National Park in the Republic of the Congo

Nouabalé-Ndoki National Park is a national park in the Republic of the Congo. Established in 1993, in the northern provinces of Congo, it is home to forest elephants, great apes, including western lowland gorillas and the eastern sub-species of chimpanzees and bongo. The forests have a rich biodiversity of 300 bird species, plus 1,000 plant and tree species which include endangered mahoganies.

==Administration==
The Nouabalé-Ndoki National Park is managed under a Public-Private Partnership (PPP) agreement, signed in 2013 between the RoC Government and the WCS. The agreement creates the Fondation Nouabalé-Ndoki (FNN), of which WCS has been delegated as the Park Management Unit until 2038.

==History==
The concept of creating reserved parks emerged in the 1980s with the realization that wild roaming elephants which moved freely in the entire region of the three parks needed to be protected from poachers and the logging industry. Plans to establish the Nouabale-Ndoki National Park were initiated in 1991 by the Wildlife Conservation Society (WCS) and the Government of Congo with support from USAID as a transboundary collaborative project. It also involved a progression of interaction with local, regional and national authorities.

The park was finally established in September 1993 covering an area of 3921.69 km2 between the north-eastern Sangha Department and the north-western Likouala Department of Congo. In 1999, the timber company CIB (Congolaise Industrielle du Bois) and the local community joined hands with WCS and the Government of Congo to create an entity that would minimise the negative impacts of logging on the national park.

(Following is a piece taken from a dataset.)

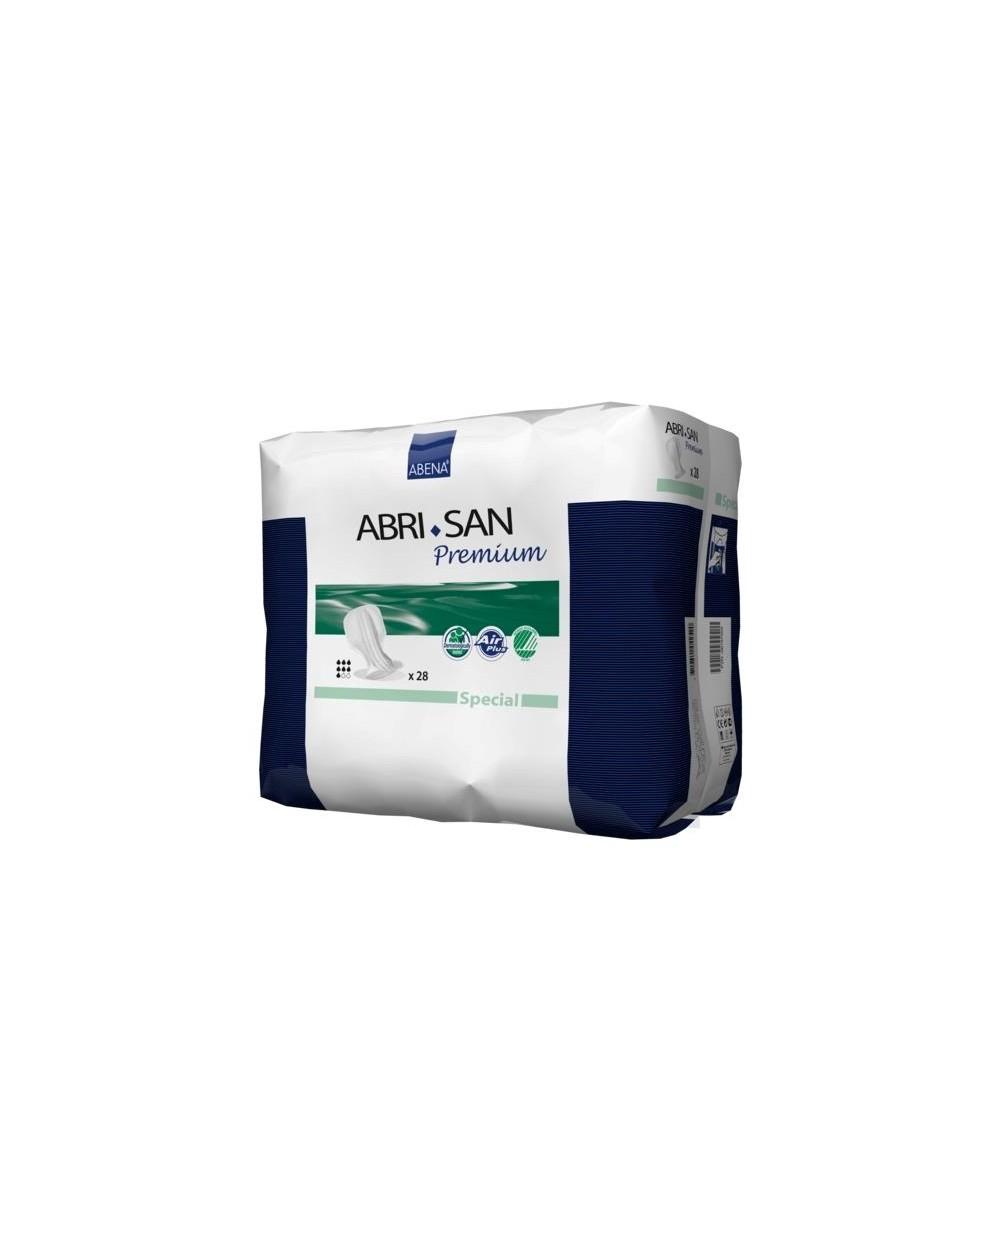 ABENA Abri-San SPECIAL - 28 protections
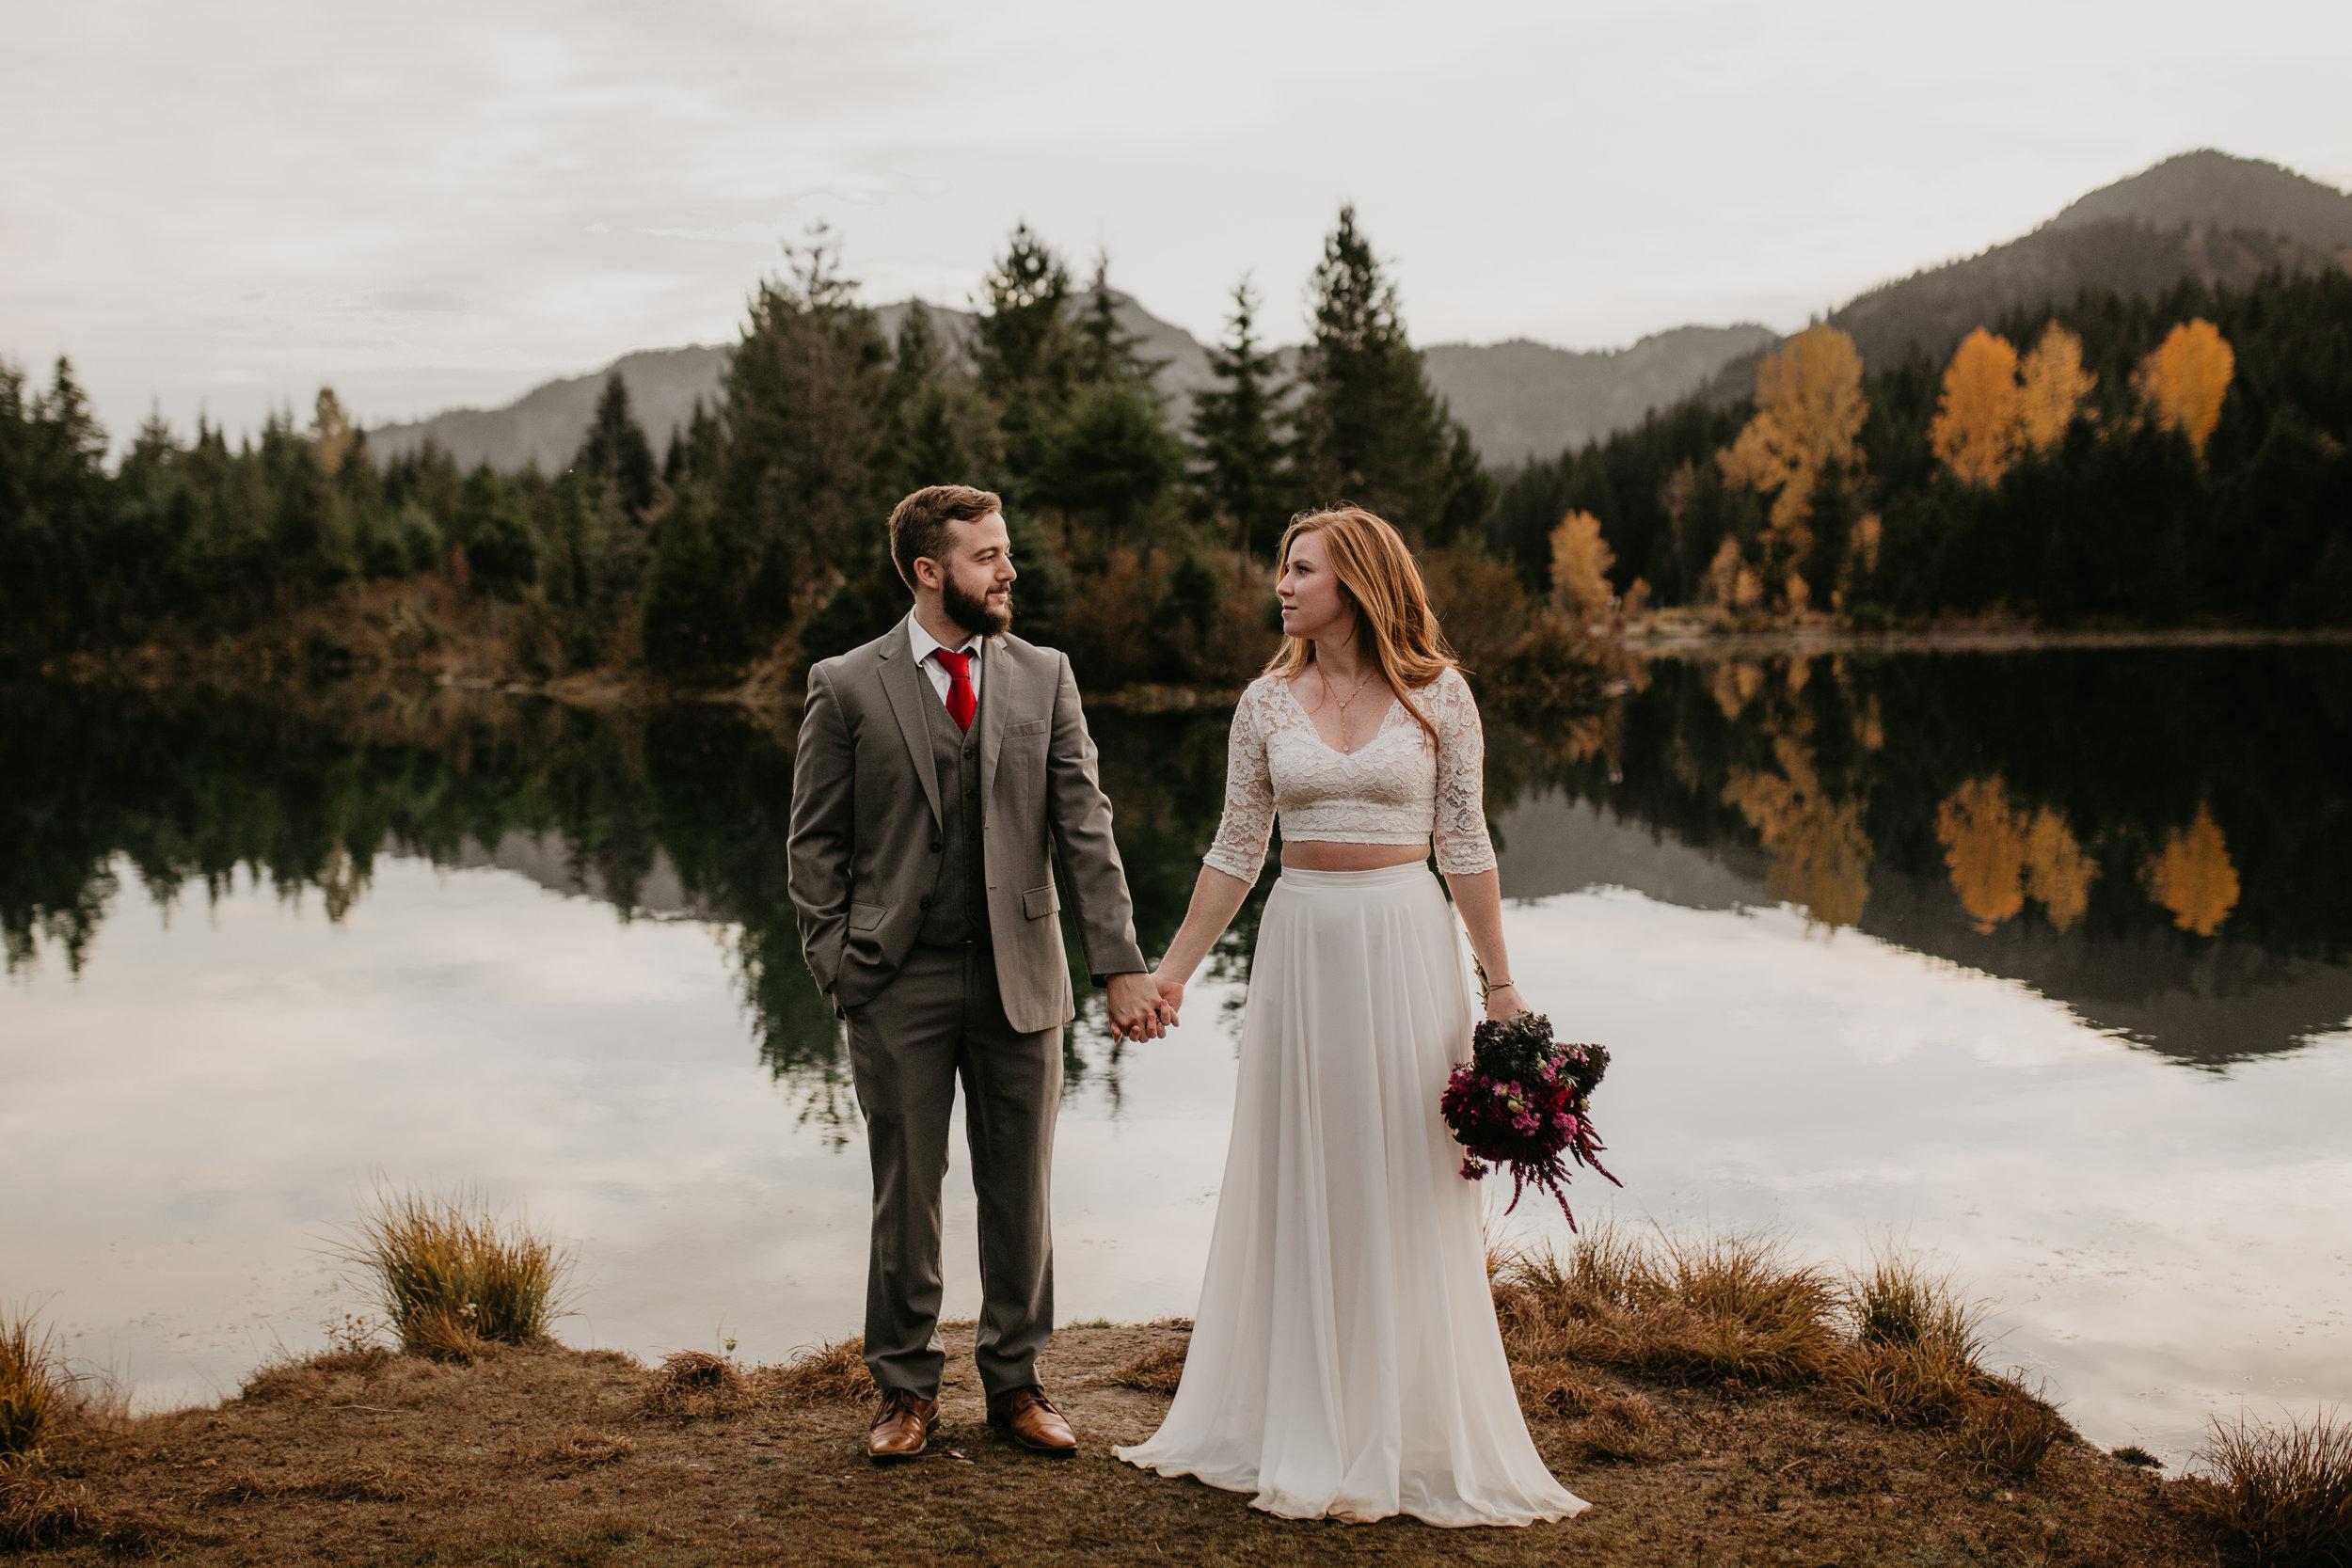 nicole-daacke-photography-mountain-view-elopement-at-gold-creek-pond-snoqualmie-washington-wa-elopement-photographer-photography-adventure-elopement-in-washington-fall-lakeside-golden-sunset-boho-fun-bride-0527.jpg

In 2001, the park area was extended with part of a neighbouring logging concession known as the Gouloago triangle getting annexed to this park. The German logging firm surrendered its rights over 100 km2 of the Goualougo Triangle under its lease hold to be merged with the national park, and also resolved to ban hunting. While logging operations (particularly of two species of the African mahogany for high-grade timber) have taken place in many forest regions in the northern Congo to a limited scale, this park has been free of any such operations. This has resulted in the fact that it has been beneficial to effective preservation and growth of population of the wildlife and natural habitat of the forests in the park.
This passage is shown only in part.